Under Ohm, RDHIM was rolled out over three legal entities between 2022 and 2025. His duties involved developing the architecture to support CDC (Change Data Capture) logic, semantic reconciliation mappings, and end-to-end lineage tracking that enabled the system to be fully auditable.

The outcomes were quantifiable:

1. 100% audit readiness

2. ~20% increase in workflow effectiveness

3. Removal of several medium vulnerabilities

4. Roadmap for scalability to other G-SIBs

These results address not just the effectiveness of the system but also Ohm’s unique talent for closing theory and practice, tying principles from DAMA-DMBOK, Basel, TOGAF, and Data Vault to enterprise-scale deployment.

A Framework That Complements RegTech 2.0

The value of RDHIM goes far beyond any individual institution.
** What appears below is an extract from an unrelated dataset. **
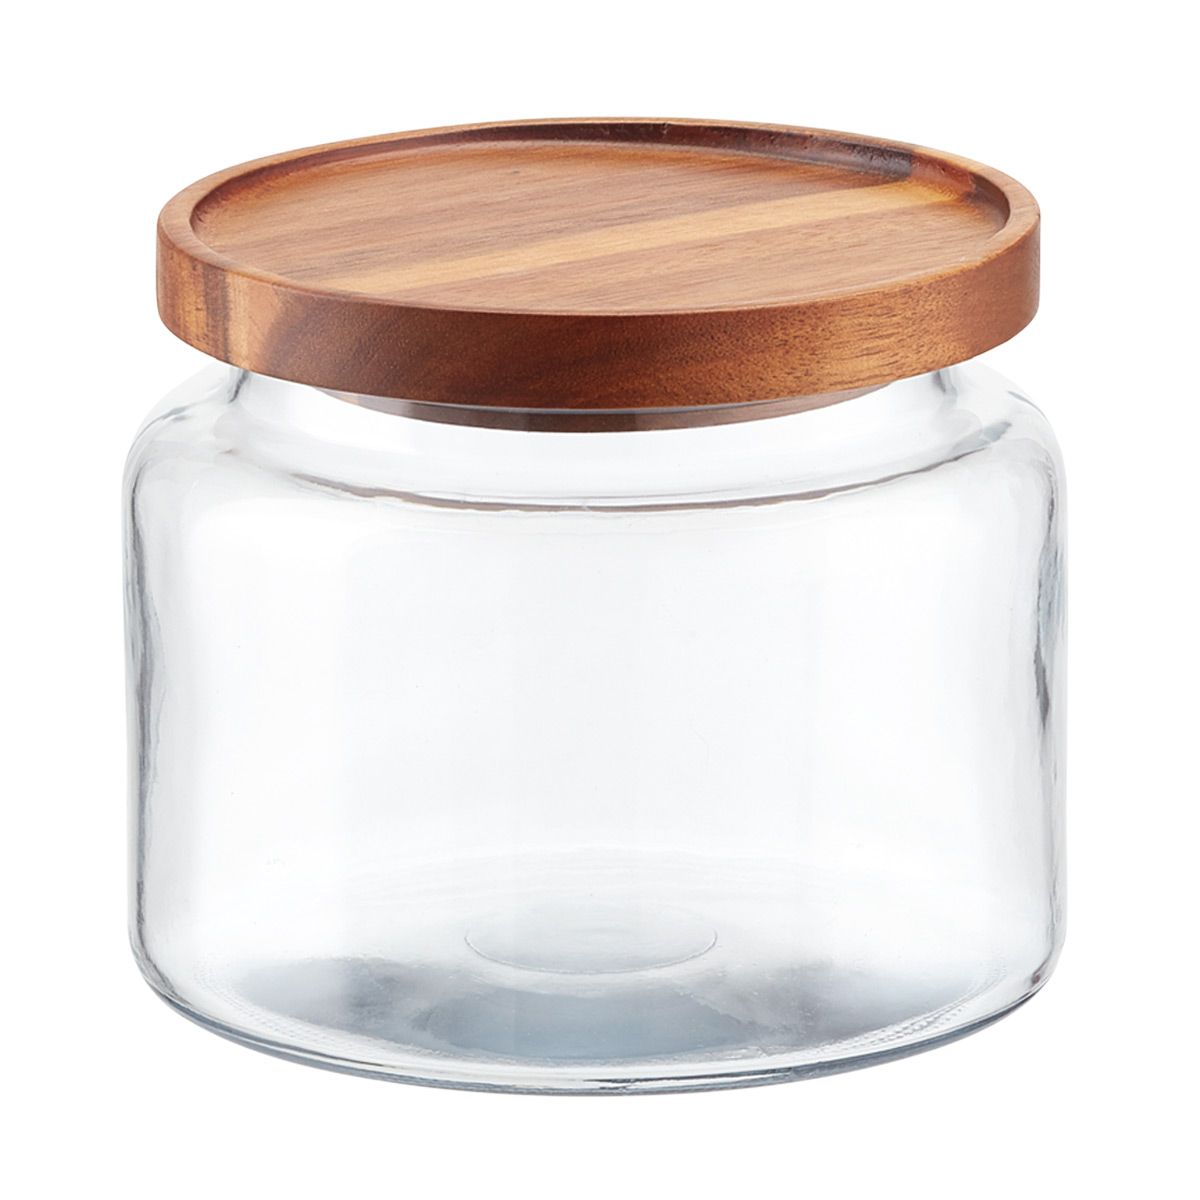 Montana Jar | The Container Store

It is a move toward technocratic governance in whichcompliance is not bolted on but intrinsic to the data model.

This is consistent with the emerging RegTech 2.0 mindset, which focuses on:

1. Automated lineage rather than manual traceability

2. Semantic consistency across borders

3. Compliance by design and not patchwork

Regulatory platforms in this new era need to be adaptive, explainable, and interoperable. RDHIM satisfies all three—making it a future reference architecture for multinational banks struggling with global compliance complexity.

For institutions and professionals to ride out the choppy waters of digital regulation, RDHIM provides not only a lifeline—but a road map for sustainable government.

The Man Shaping the Future of Financial Compliance

What puts Ohm Kundurthy among the best in data architecture isn’t his technical expertise—it’s his perspective for the larger picture. As a Distinguished Fellow at SCRS, an IEEE Senior Member, and Fellow of IETE, his work ranges from academic research, enterprise system delivery, and strategic advisory.

He has consistently translated high-level theoretical constructs into live, working systems—demonstrating that fintechinnovation is less about flash, but about depth, accuracy, and discipline.

Ohm’s LinkedIn summary is like a masterclass in regulatory evolution, but his actual contribution is to create systems that hold up to audits, time, and change.

Conclusion

As regulations in global banking continue to change, the banks that will succeed are those that can evolve without fragmentation. They will require architectures that scale, comply, and audit—without concession.

The achievement of Ohm Hareesh Kundurthy is a testament to what is achievable when innovation combines with governance. RDHIM is not just a solution—it is a dream materialized, and a platform upon which the future of regulatory technology shall be built. Compliance has no borders in today’s world. Leaders who plan beyond borders will make the future.